Все мы давно поняли, что Лысый на Землю не пойдет, – гораздо раньше, чем это понял он сам. Встреча с Танзоро уже была для него величайшим искушением – ведь тот был художником, да не каким-нибудь, а сверхгениальным по человеческим меркам. Они бесконечно болтали об искусстве, а в целом на архипелаге художники и скульпторы жили буквально племенами. Вначале Лысый еще держался, потому что вокруг было слишком много интересного и нового; однако теперь не выдержал, попросил у Танзоро кисти с красками и начал осваивать наскальную живопись.

– Все, ребята, я пропал, – признался он нам между двумя многодневными творческими запоями. – Решено – остаюсь. Какого черта? Опять на Земле вкалывать целыми днями, чтоб на жизнь наскрести, и писать картины урывками? Да чтоб я сдох! Можете меня считать предателем, – но я отсюда ни ногой.

Смотреть на творчество Лысого сходилось все население острова и слетались разумные птицы.
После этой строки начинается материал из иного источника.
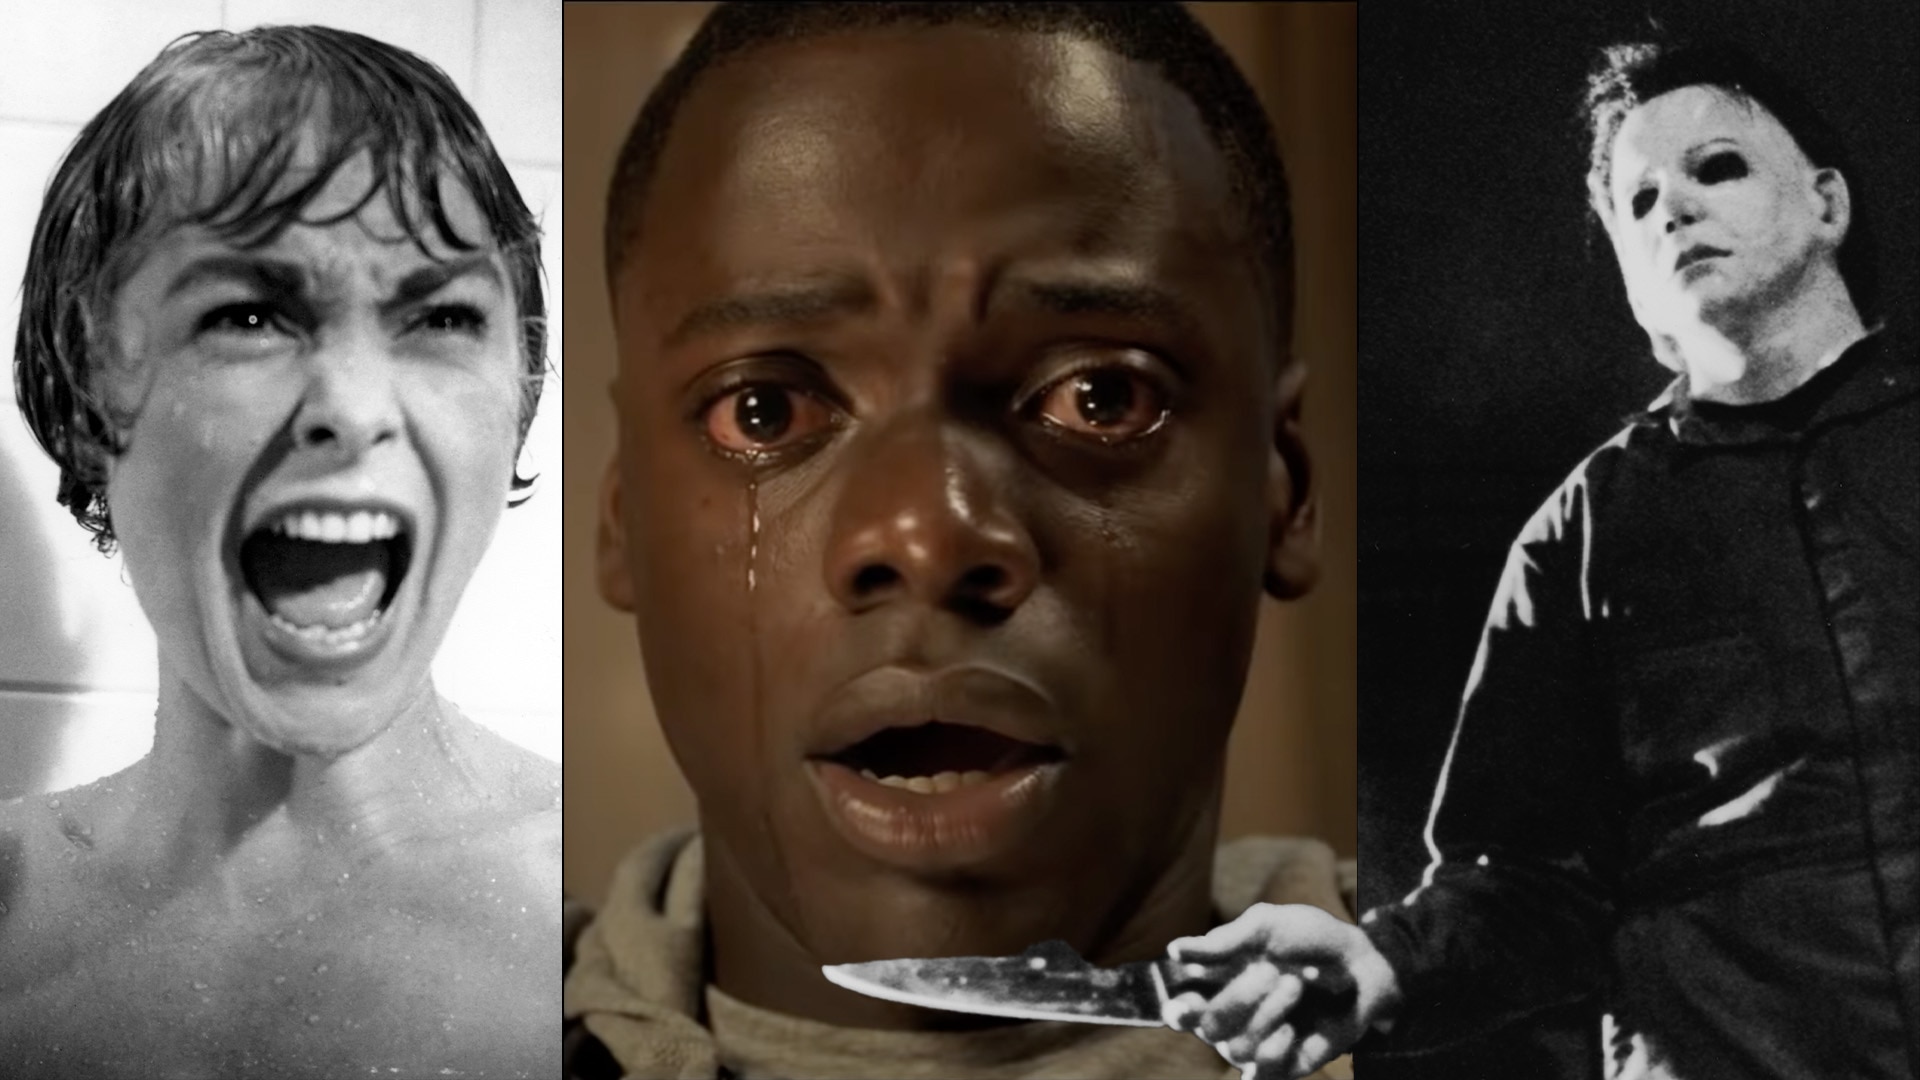 (L-R) Psycho (1960), Get Out (2017), Halloween (1978)
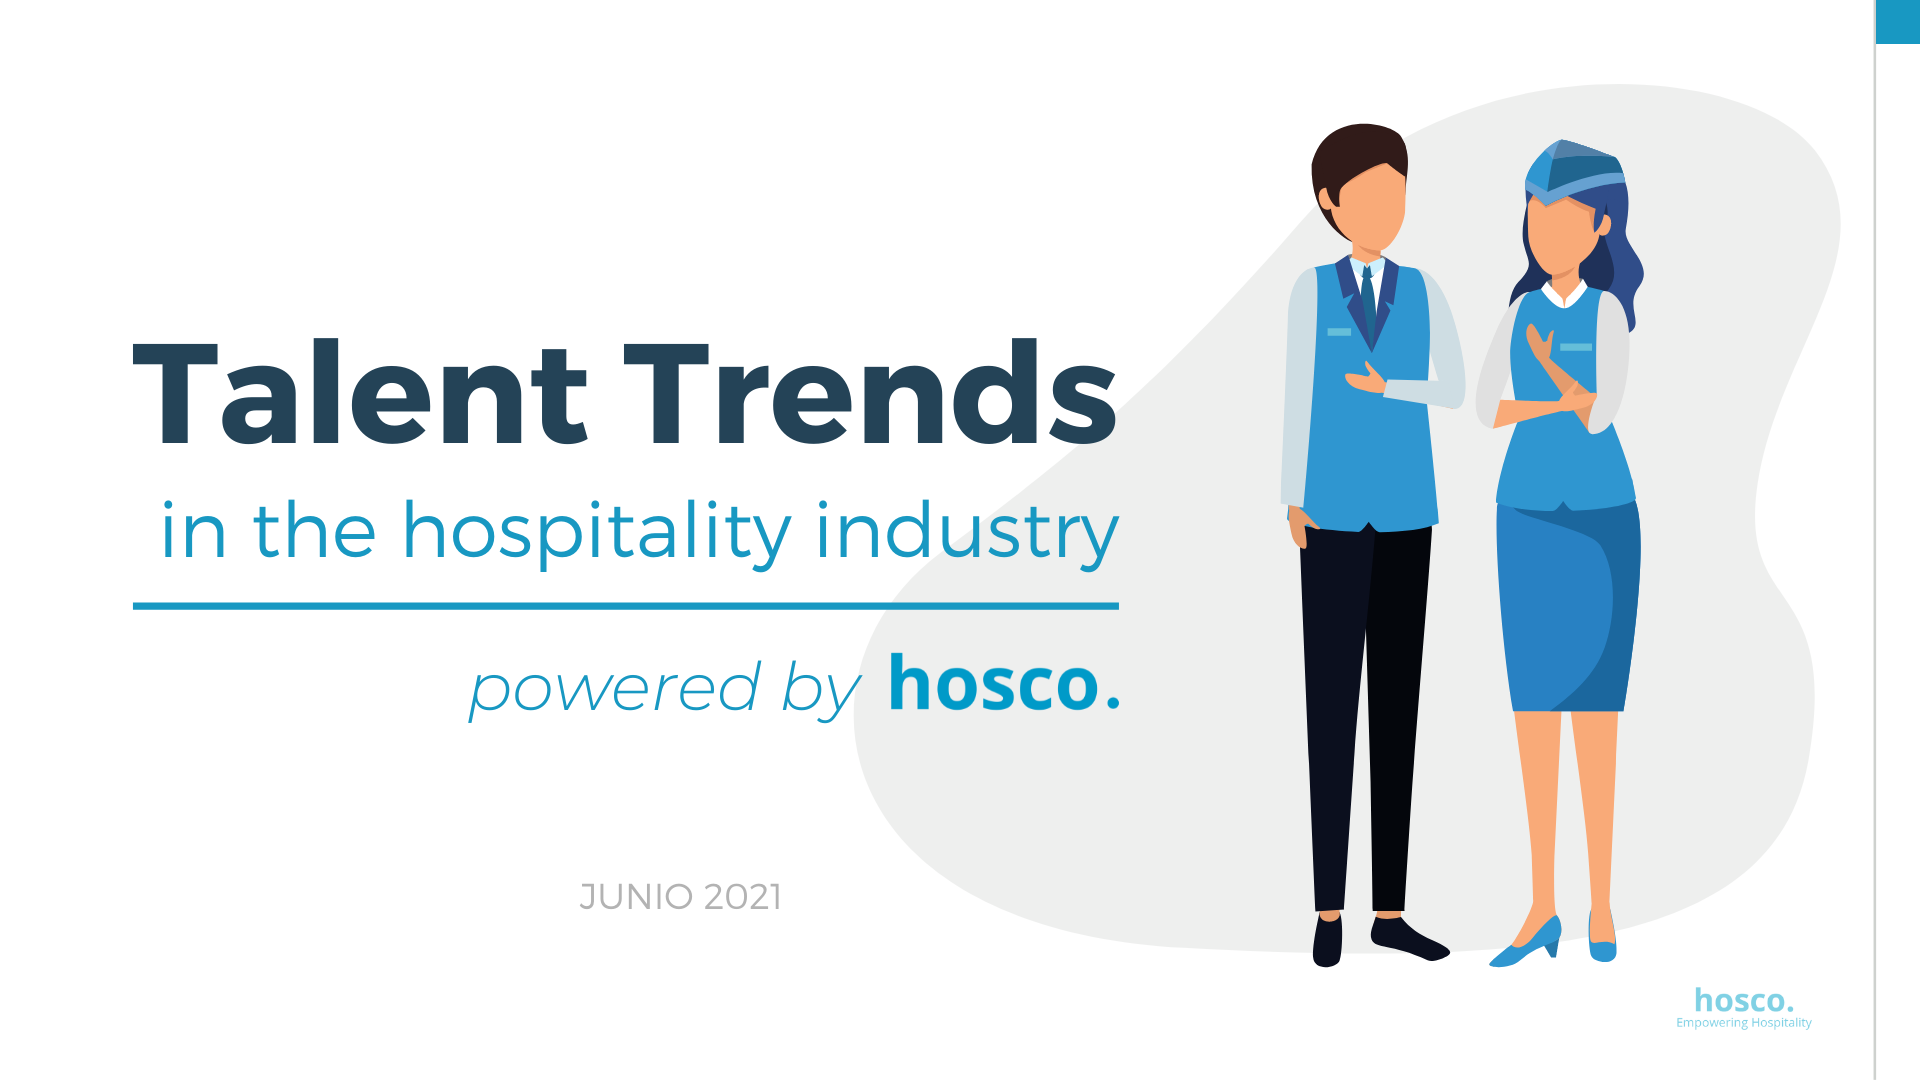 Talent Trends in the Hospitality Industry. ¡Conoce a tu gente!

По качеству картины его, конечно, здорово уступали работам местных мастеров, но ведь это инопланетянин творит, причем сам по себе, без поддержки биосети и всесильного Вагрума!.. Так что в шумных искренних поздравлениях недостатка не было. А тут еще прекрасные туземки! Лысый рисовал их с утра до вечера, а на ночь исчезал в глубинах острова, уходя каждый раз в новом направлении с новой подружкой. Мы не сомневались, что в конце концов он заведет себе целый гарем и примется за обольщение русалок. Благо на острове царила свободная любовь, а сам Лысый пользовался у противоположного пола невероятной популярностью по тем же причинам, что и его творчество – из-за экзотики. Его пиратская повязка через выбитый глаз никого не смущала. Наоборот.

Инга на Землю возвращаться тоже не собиралась: не так давно она приложила немало усилий, чтоб выбраться оттуда. Теперь планировала проводить до хоула Эпштейна и вернуться к Мартинесу на Рорбести.

Однозначно оставалась на Сангароа Мартышка. Ей здесь нравилось: вокруг было в избытке всего, что только может пожелать уважающая себя обезьяна, и не было никаких врагов и опасностей. А что ее ждало на Земле?

– Просто выпустить ее там на волю было бы опрометчиво, – сказал Эпштейн. – Кто знает, переносчиком каких болезней она может стать. А если не выпустить, ее замучают обследованиями. С животным никто церемониться не станет.

– А с нами? – спросила Даша.

– Да и с нами тоже, но мы все-таки люди, так что надежда на более-менее нормальное отношение есть. Для Мартышки – нет.

Машка, от которой все ждали, что она с радостью останется в наполненном пальмовым вином раю, решительно от такой доли отказалась.

– Не, я домой, в Ивановку. Сколько можно шляться, пора хозяйство навестить. Огородик там мой, поди, совсем зарос. Да и в Сибири у нас по-любому лучше.

На вопросы, чем это Сибирь лучше Сангароа, Машка только отмахивалась. Лучше – и точка.

У Эпштейна было все просто – он с самого начала шел на Землю.

В рядах нерешительных оставались только мы с Дашей. Во время похода по Гилее и Рорбести у нас не было сомнений, куда мы в итоге хотим попасть. Особенно мало мы сомневались в этом после короткого, но запоминающегося визита на Сатанаил. Да только Сатанаил и Сангароа – это две настолько большие разницы, что дальше и нельзя. Манило остаться здесь. Хоть на время. Но тогда Эпштейну придется идти на Землю с одной только Машкой. Мы не будем знать, что с ними, – а вдруг позже хоул закроется?